**WORK INSTRUCTION**:
Your response to the data below should hold nothing except the lines from the one containing "Female warrior monk" down to the one containing "1950's Custom Made", reproduced exactly and without pictures.

**SUPPLIED RECORDS**:
+++

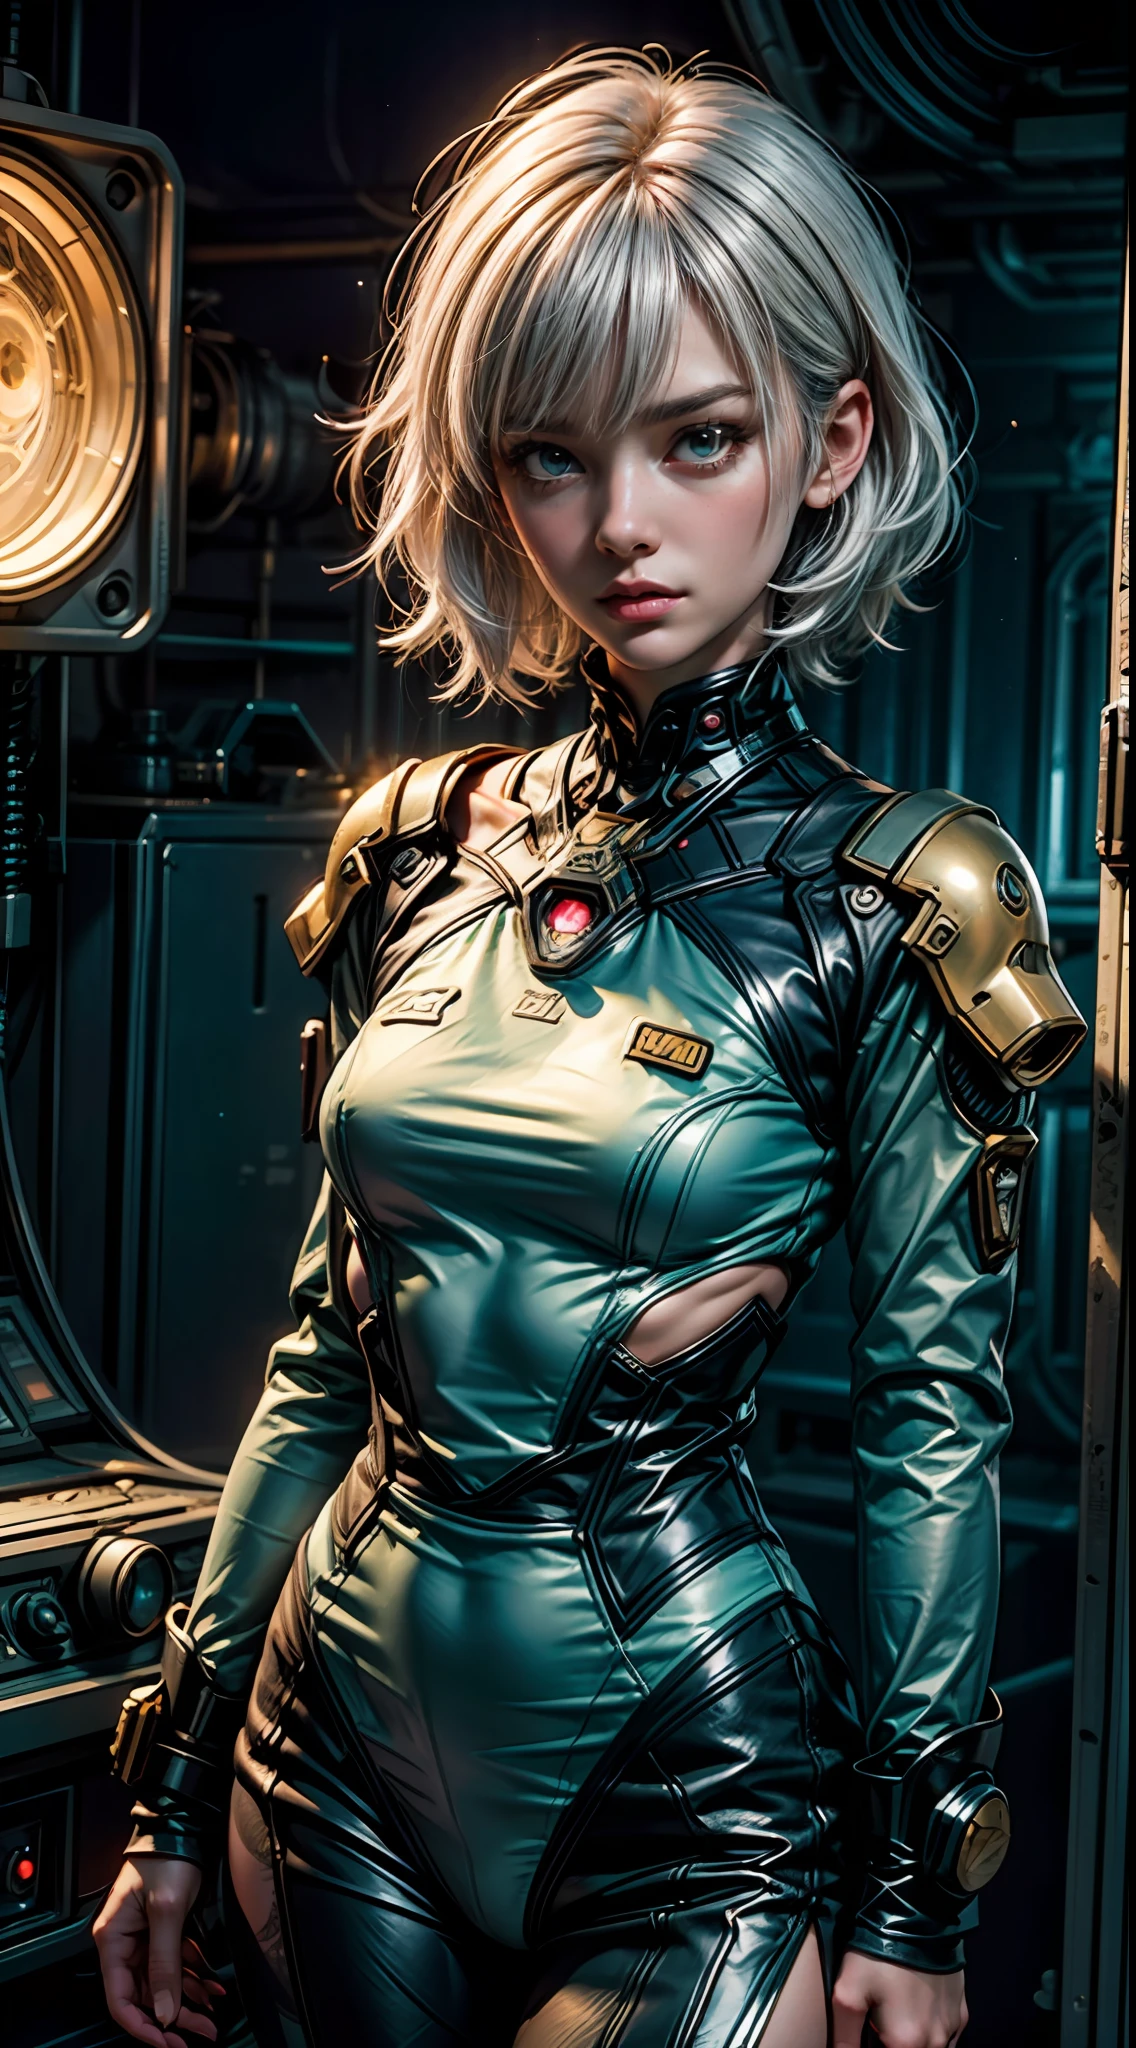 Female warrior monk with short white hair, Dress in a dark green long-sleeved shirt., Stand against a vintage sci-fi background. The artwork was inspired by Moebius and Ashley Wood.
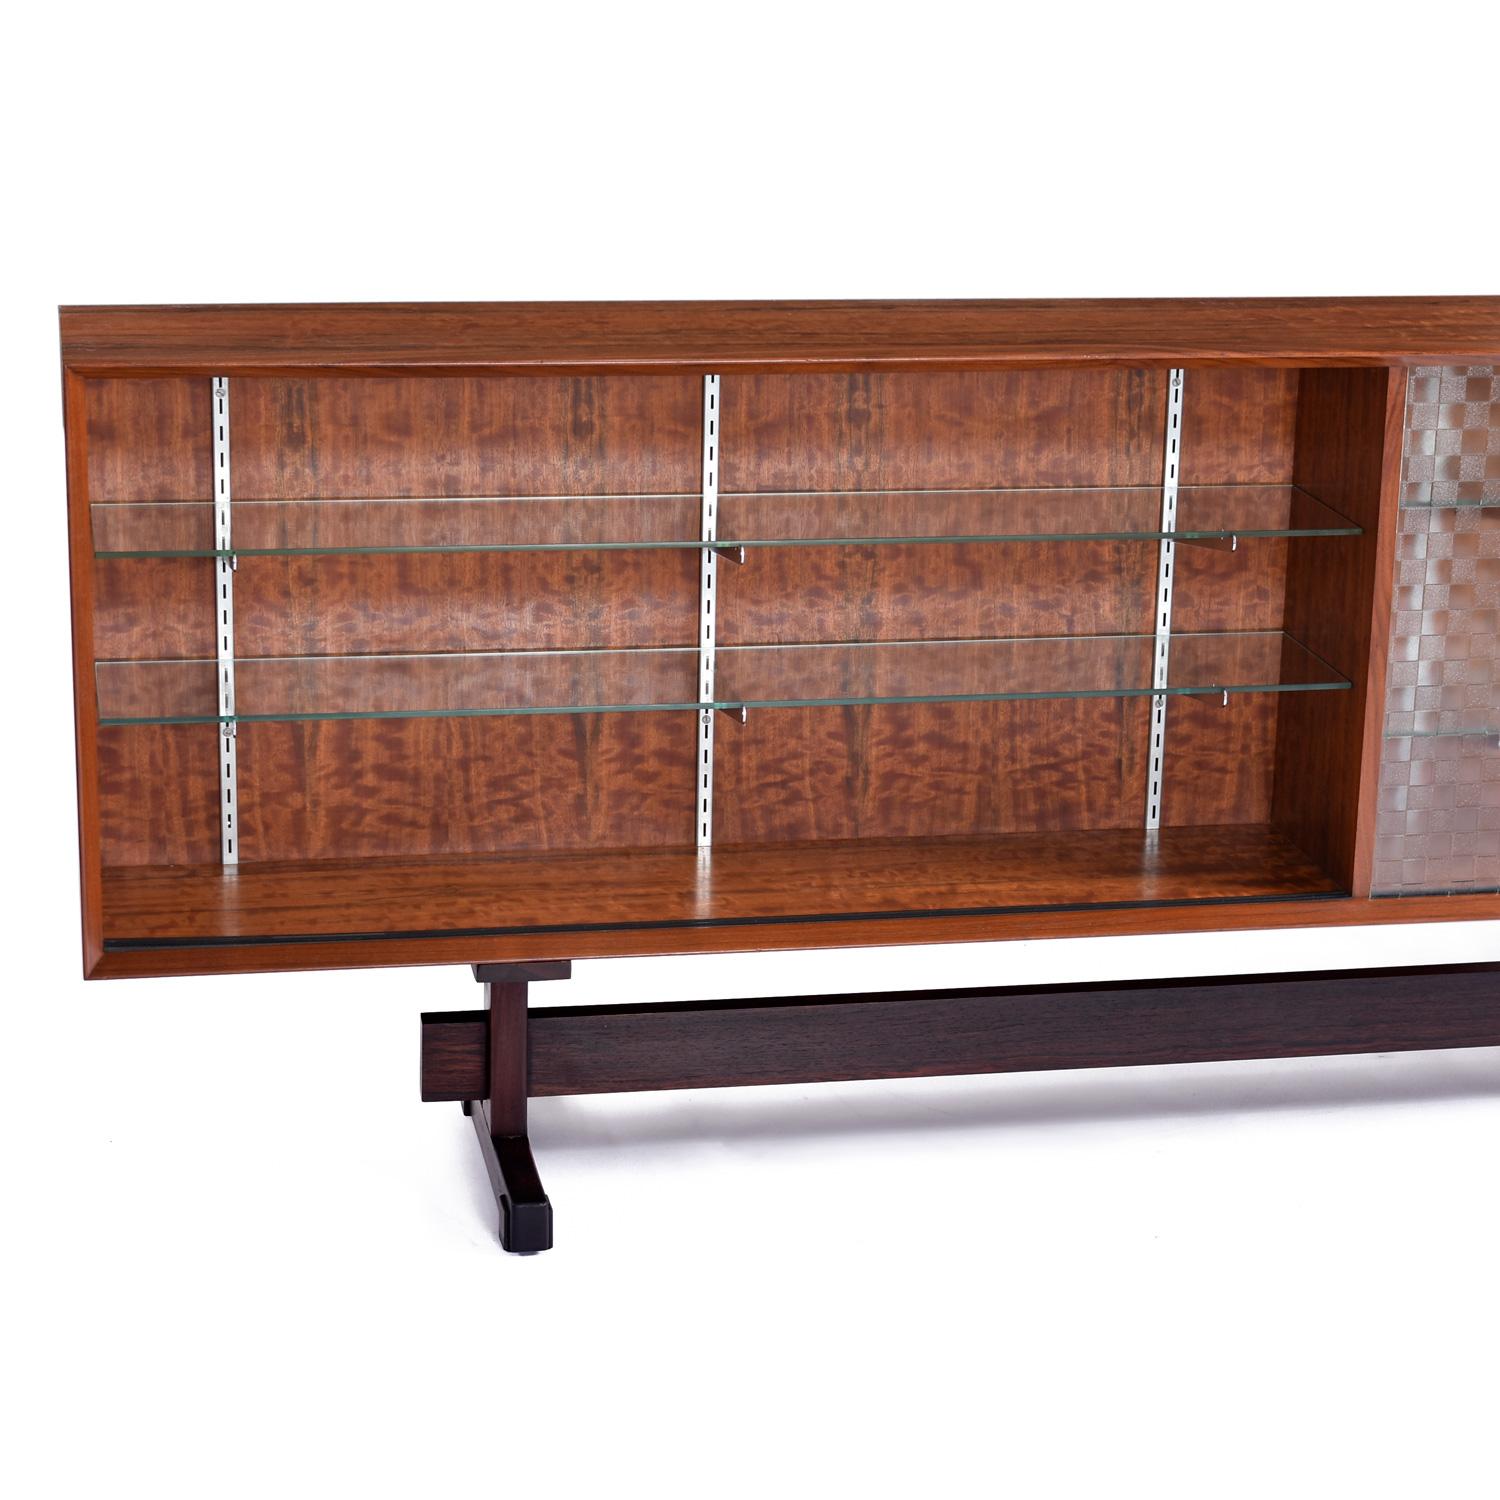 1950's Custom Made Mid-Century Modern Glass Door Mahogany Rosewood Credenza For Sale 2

+++

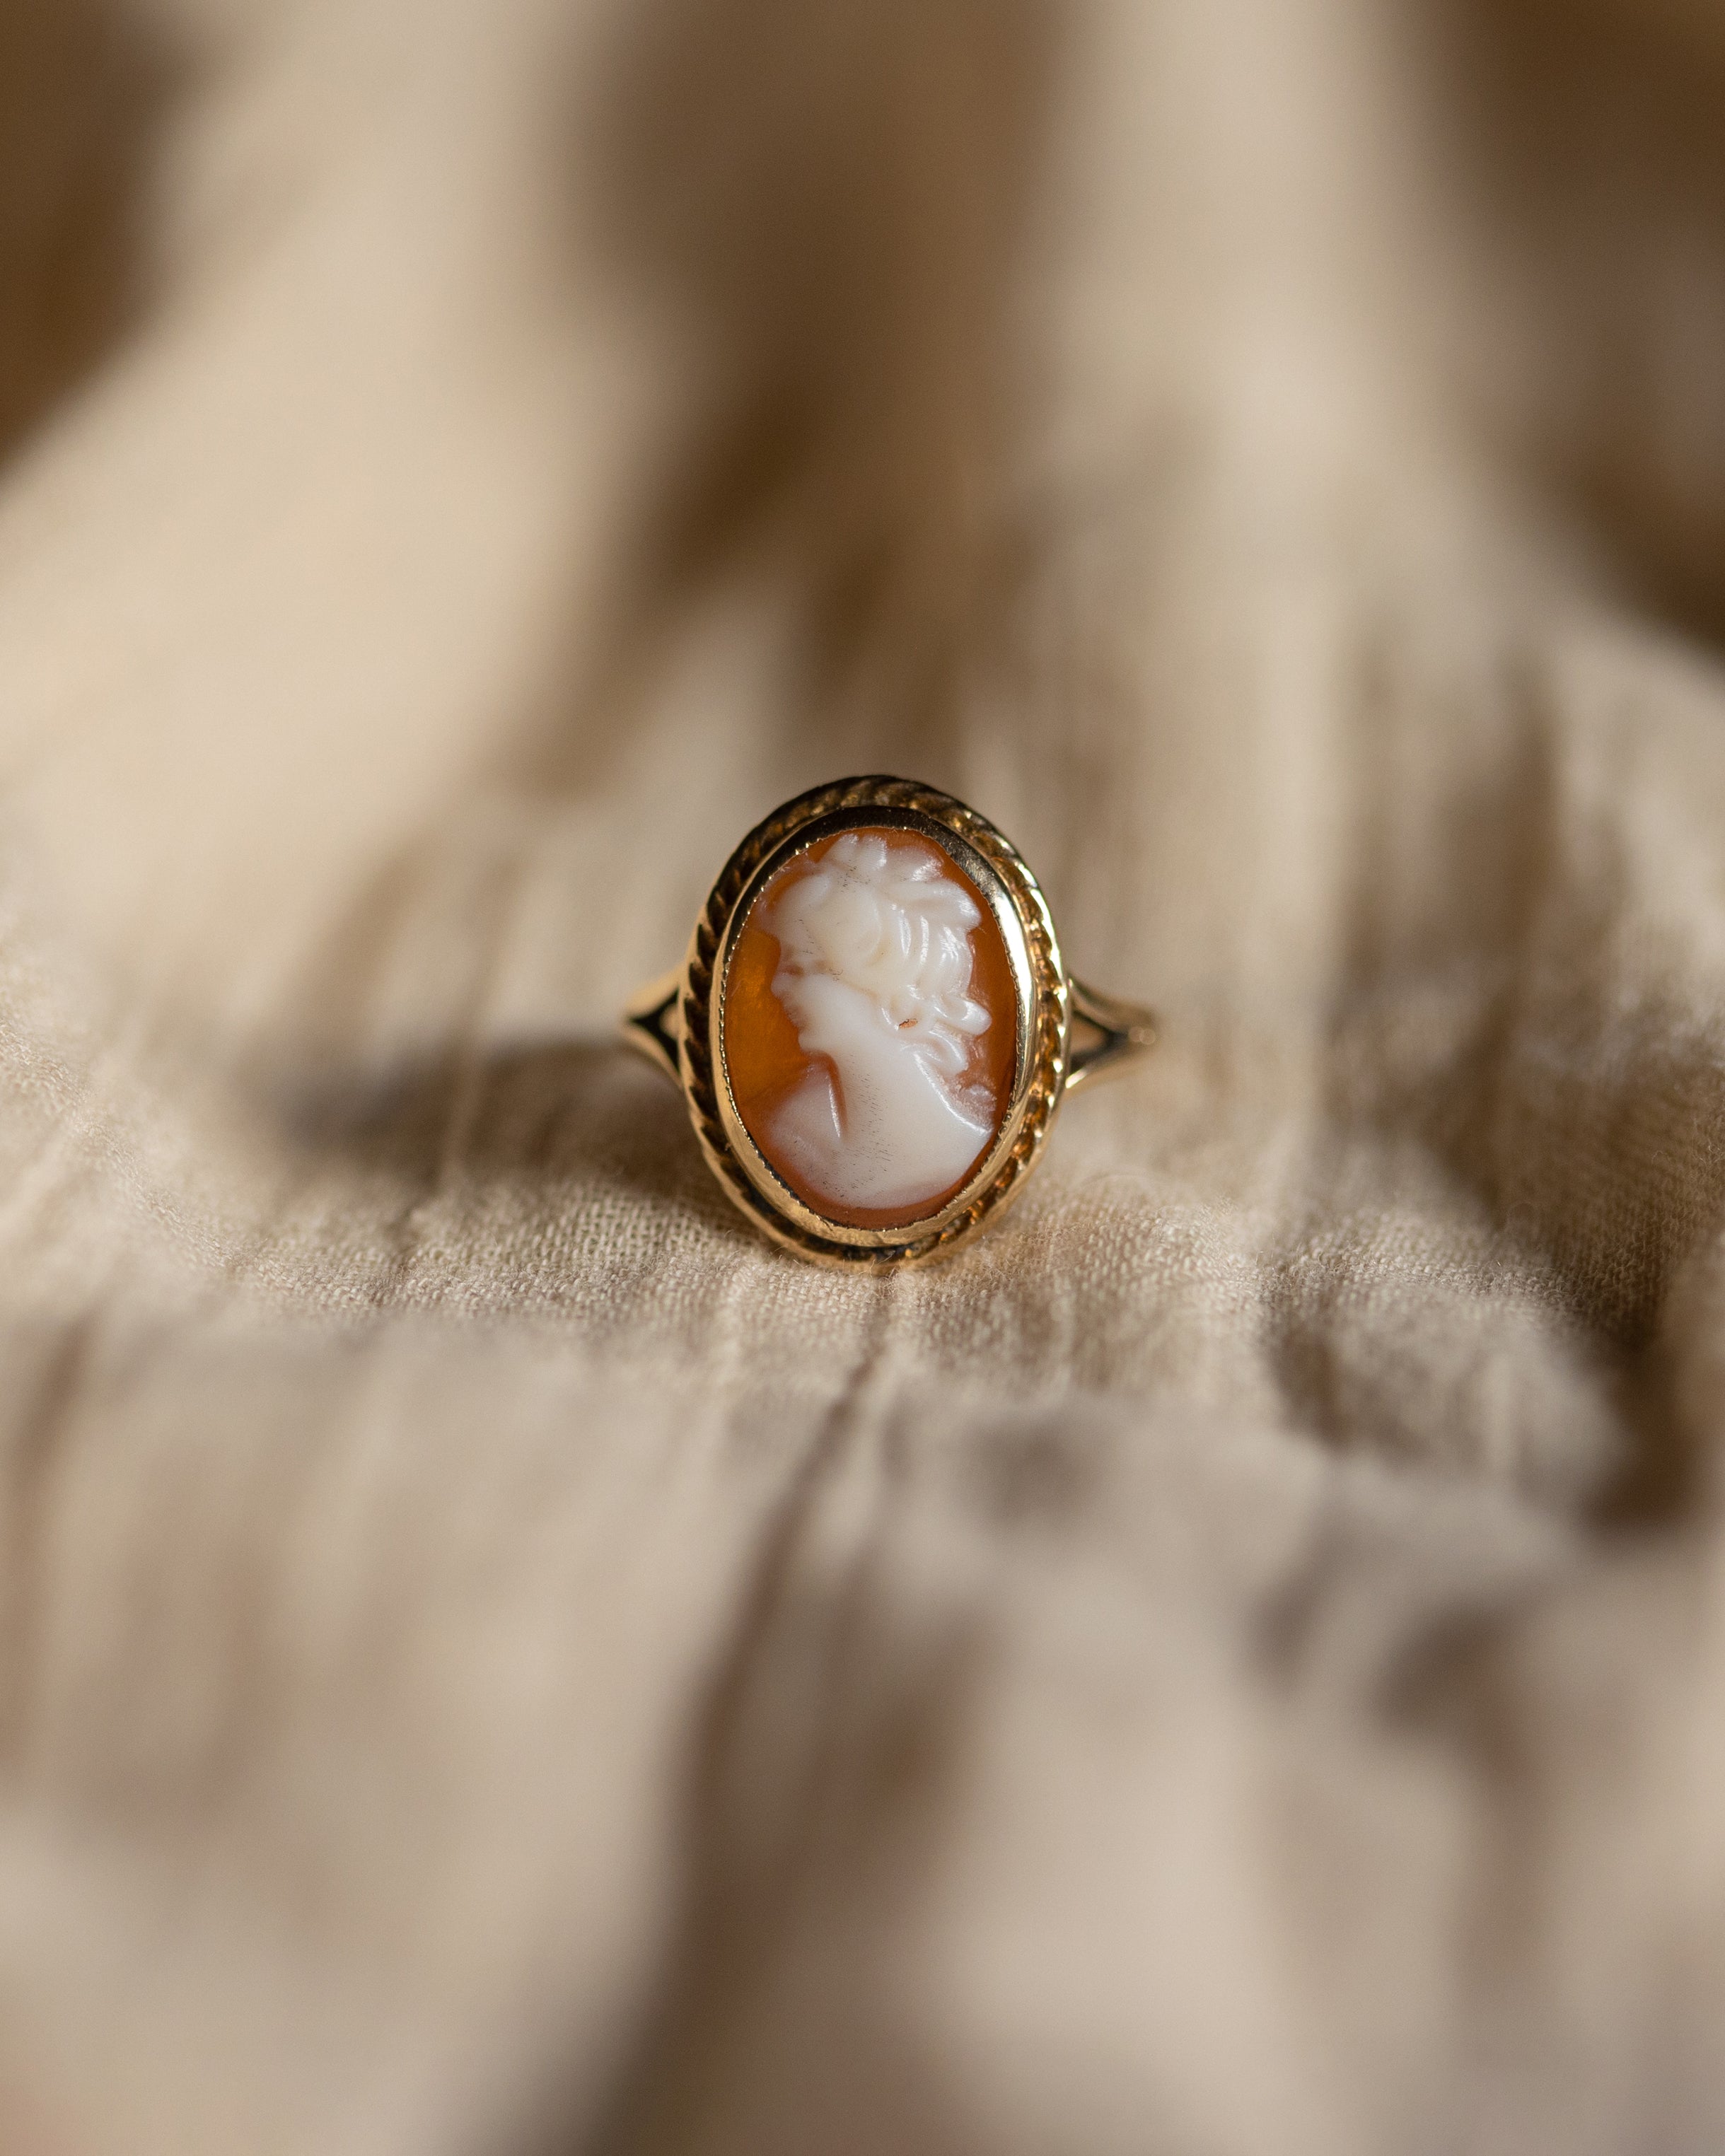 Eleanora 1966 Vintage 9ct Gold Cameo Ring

+++

**ANSWER SECTION**:
 Female warrior monk with short white hair, Dress in a dark green long-sleeved shirt., Stand against a vintage sci-fi background. The artwork was inspired by Moebius and Ashley Wood.
 1950's Custom Made Mid-Century Modern Glass Door Mahogany Rosewood Credenza For Sale 2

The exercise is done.